Closed Missthepast closed 1 month ago

Missthepast commented 1 month ago

I'm using version 2.9 and install with conda. The commands used are as follows: /script/conda_lib/bin/cutadapt -a GAGGAG -A AGAAAG -g CCGATCT -G CTCTAT -n 2 --trim-n --max-n 5 -q 10 -m 35 -j 15 -o 1_cut.fq.gz -p 2_cut.fq.gz 1.fq.gz 2.fq.gz --report=full >cutadapt.log ERROR: ERROR: Traceback (most recent call last): File "/script/conda_lib/lib/python3.7/site-packages/cutadapt/pipeline.py", line 529, in run (n, bp1, bp2) = self._pipeline.process_reads() File "/script/conda_lib/lib/python3.7/site-packages/cutadapt/pipeline.py", line 364, in process_reads for read1, read2 in self._reader: File "/script/conda_lib/lib/python3.7/site-packages/dnaio/init.py", line 266, in iter r2 = next(it2) File "src/dnaio/_core.pyx", line 250, in fastq_iter dnaio.exceptions.FastqFormatError: Error in FASTQ file at line 20136: Length of sequence and qualities differ I use this line of command to execute other fastq.gz files without errors, as well as check the 20136 line, the sequence and the quality fraction length are consistent, I would like to ask why this is Z5 P078GB}9VKYB(CW$9B3S

marcelm commented 1 month ago

Hi, the line number is probably incorrect (this is a known bug).
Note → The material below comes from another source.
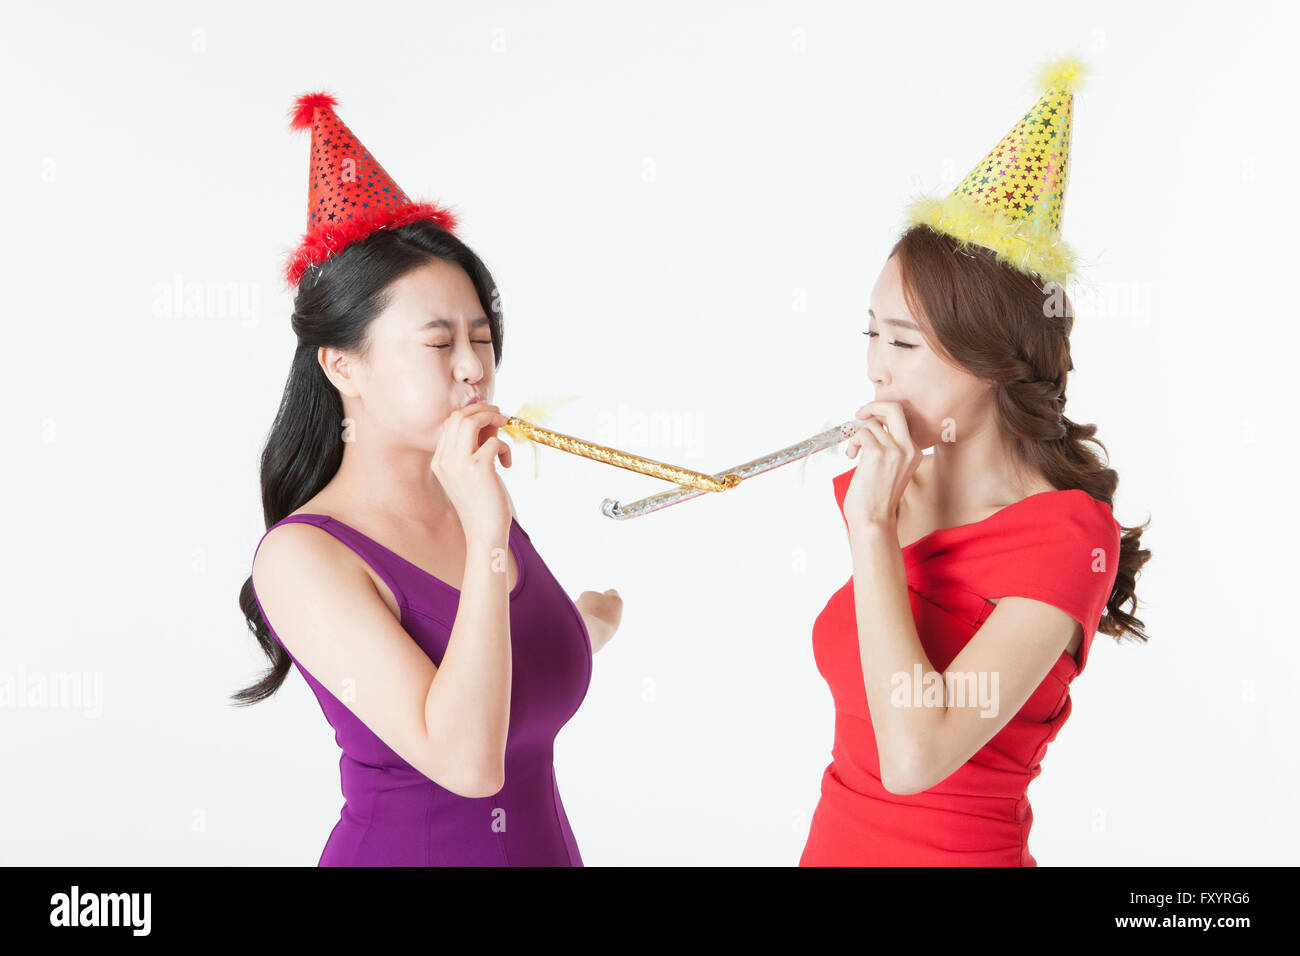 Vue de côté portrait de deux smiling women blowing party horns face à face Banque D'Images
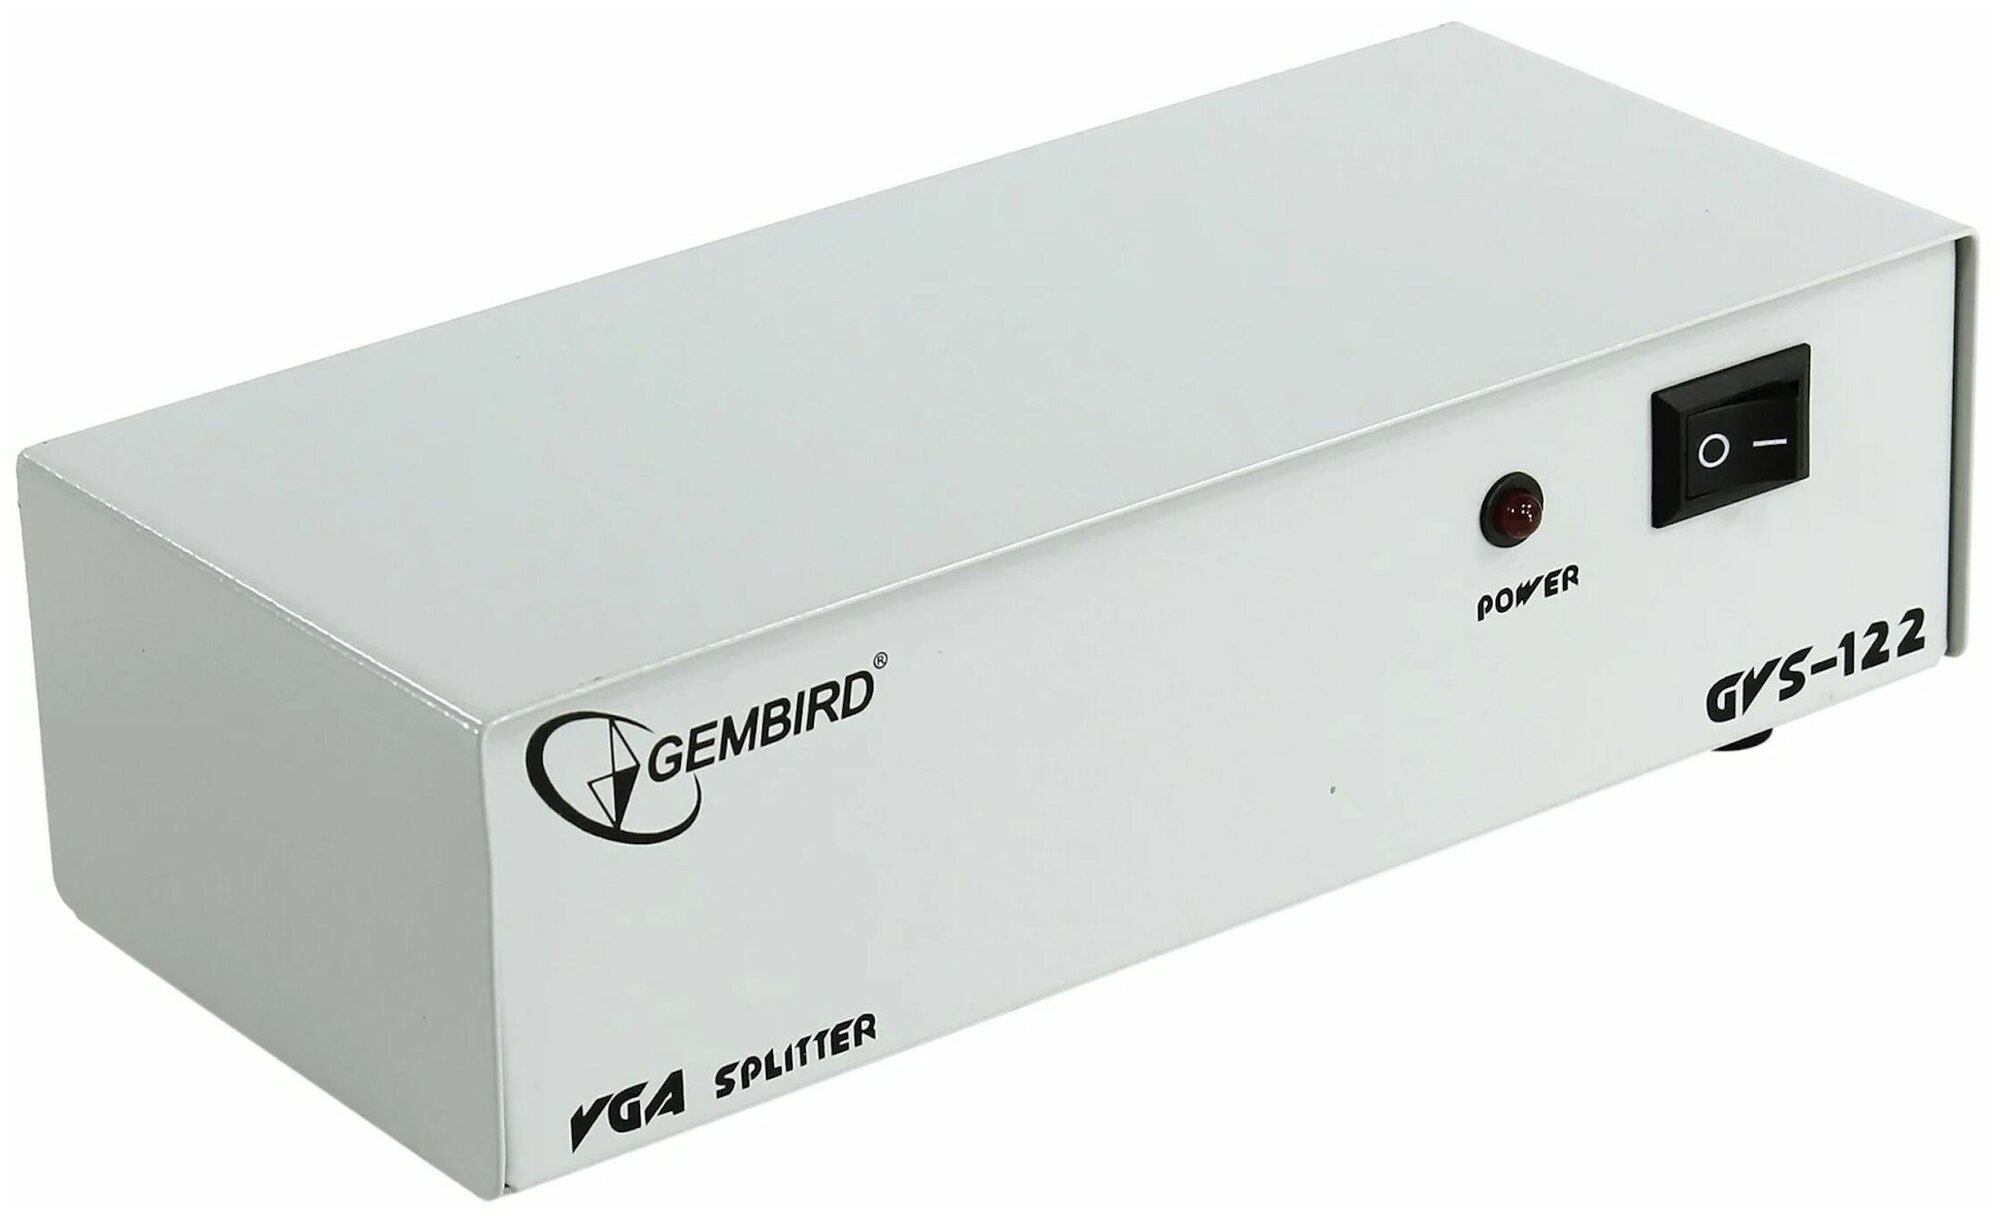 Разветвитель VGA на 8 портов Gembirg GVS128 HD15F/8*15F 1 компьютер - 8 мониторов

The problem is probably somewhere later in the file. I think you may get the correct line number if you run Cutadapt with only one thread -j 1.

But to be clear: I’m quite sure that there is a broken FASTQ record in the input file. This often happens when the file is truncated, so I suggest you check the very last lines in the file manually.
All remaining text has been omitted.